In vivo activity of pR promoter (β-galactosidase activity) in wild-type, relA spoT (ppGpp-null), dksA and relA spoT dksA strains. Activity in the wild-type (wt) strain was set as 1 (actual value was 12318 ± 1003 Miller units). The data are from six independent measurements with SD indicated.

Figure 3.

The effects of ppGpp and DksA on pR promoter half-life. (A) The time course of competitor-resistant open complexes was monitored by in vitro transcription challenged by heparin in the presence of none addition (DksA storage buffer, open squares), ppGpp at 200 μM (closed squares), DksA at 400 nM (triangles) or DksA at 400 nM with addition of 200 μM ppGpp (circles).
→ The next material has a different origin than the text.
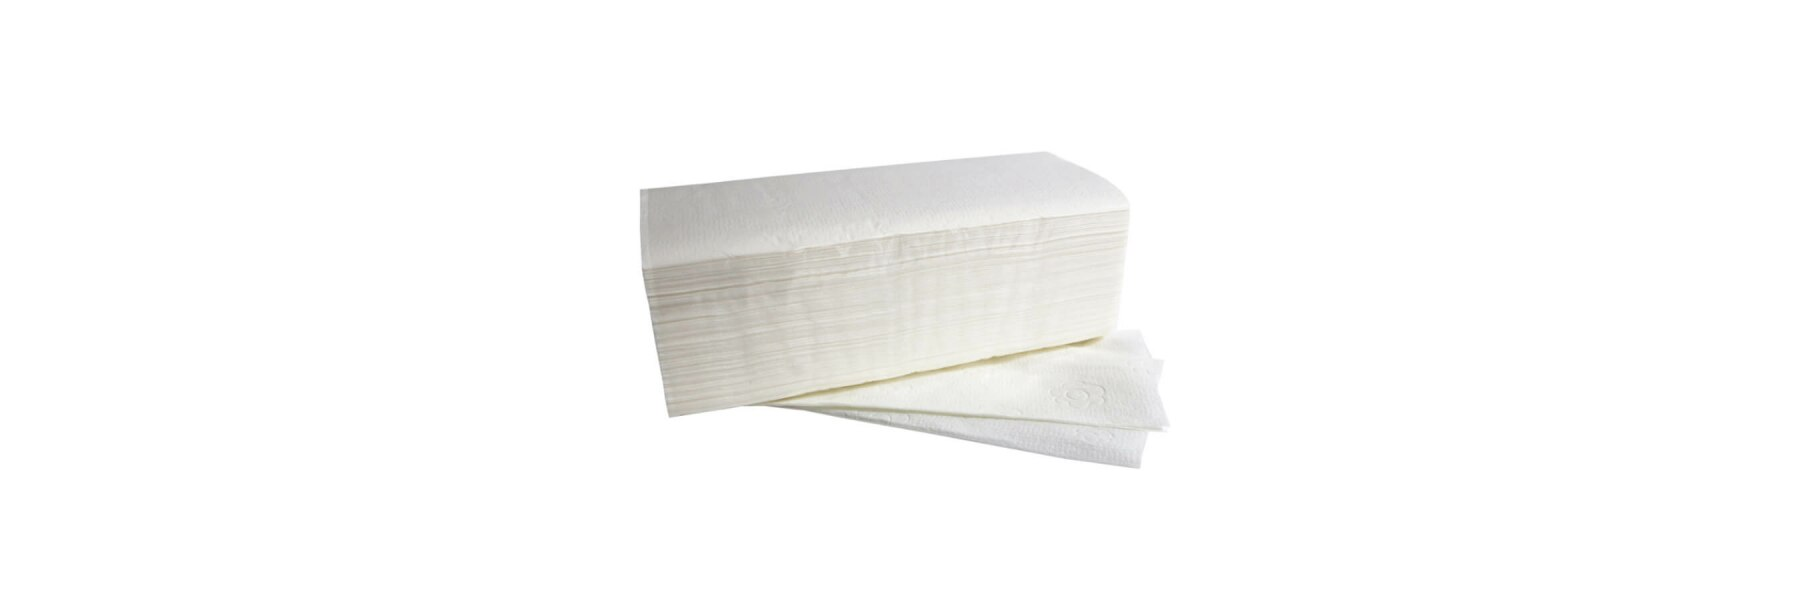 Handtücher- und Papiertücher

The values found at 20 s after competitor addition were set as 1. Data are the average from three independent experiments with standard errors. (B) The autoradiogram from the experiment performed as shown in the (A).

Figure 4.

The effect of ppGpp and DksA on the in vitro transcription initiation. Relative transcription levels at 3 min after the reaction start (in the time-course experiment) Autoradiogram of transcription products is inserted above the columns representing transcription from pR. DNA was incubated with ppGpp/DksA in buffer containing 150 mM KCl with no addition, ppGpp at 200 μM, DksA at 400 nM or DksA at 400 nM with addition of 200 μM ppGpp. The reaction was initiated by simultaneous addition of RNAP and NTP with heparin, and samples were withdrawn at indicated times. Values were normalized to the level of transcription for 30 min with no addition (set as 1). The results are from three independent experiments with standard errors.

Figure 5.

Binding of RNAP to pR DNA fragment. (A and C) Gel-shift assay using 15 ng of DNA and indicated amounts of the RNAP. (B and D) Quantification of the percentage of shifted (bound) DNA fragment. Symbols: none addition (DksA storage buffer, open squares), ppGpp at 200 μM (closed squares), DksA at 400 nM (triangles) or DksA at 400 nM with addition of 200 μM ppGpp (circles). In (C and D), ATP and UTP were present at 1 mM. The results are mean values from three measurements with error bars.

Figure 6.

Footprinting analysis of RNAP protection at pR promoter in the presence of ppGpp and/or DksA. Reactions contained double-stranded template with the 5′-end (P³²)-labeled, 40 nM RNAP, 400 μM ppGpp, 500 nM DksA, ATP and UTP at 1 mM, heparin at 100 µg/ml where indicated. In the lanes containing both DksA and ppGpp ‘1’ indicates the regulator added as first.